Caffeine Limits and Safety
The FDA considers 400 mg of caffeine per day safe for most adults, which translates to roughly two to three 12-ounce cups of coffee. Because tea contains less caffeine per cup, you can drink more of it before approaching that ceiling. Four to five cups of black tea or six to eight cups of green tea would put you in the same range as two to three cups of coffee.

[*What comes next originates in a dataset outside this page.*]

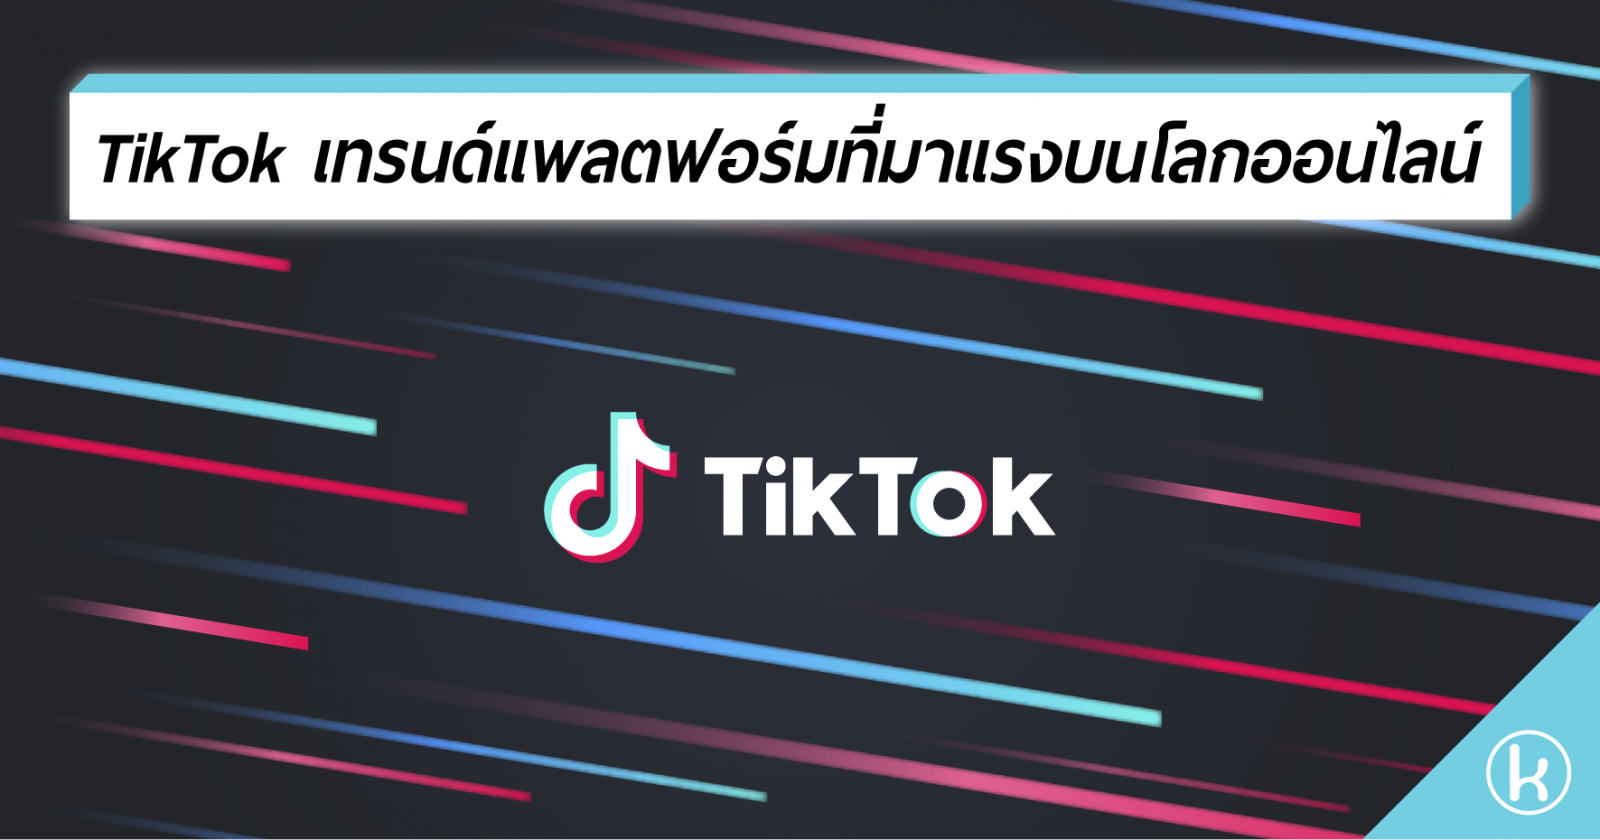 TikTok เทรนด์แพลตฟอร์มที่มาแรงบนโลกออนไลน์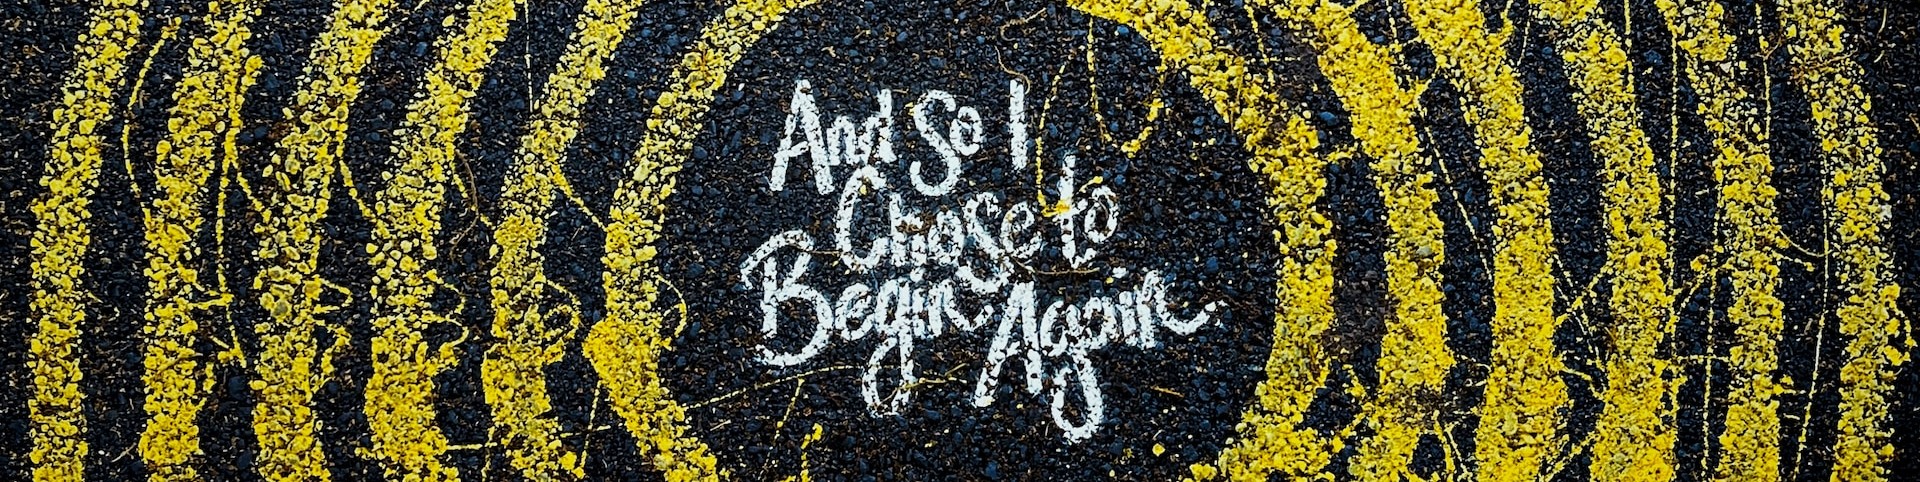 Sidewalk art that says: "And so I chose to begin again."

This matters most for people who are sensitive to caffeine’s effects on sleep, anxiety, or blood pressure. If you’re hitting 400 mg through coffee by early afternoon and still want a warm drink later in the day, switching to tea for your later cups gives you the polyphenol benefits without pushing past the recommended limit.
Which One to Choose
If you have high blood pressure or acid reflux, tea is the safer daily choice. If you tolerate caffeine well and want maximum antioxidant intake per cup, coffee has the edge. If you have concerns about cholesterol, use a paper filter for your coffee or lean toward tea. If you find coffee makes you anxious but you want sustained focus, tea’s combination of caffeine and L-theanine delivers a smoother experience.
The strongest evidence, though, points toward drinking both. The 63% reduction in mortality risk seen in people who combined green tea and coffee suggests that variety matters more than picking a winner. Three to four cups total per day, split between the two beverages, keeps you well within safe caffeine limits while exposing your body to the widest range of beneficial compounds.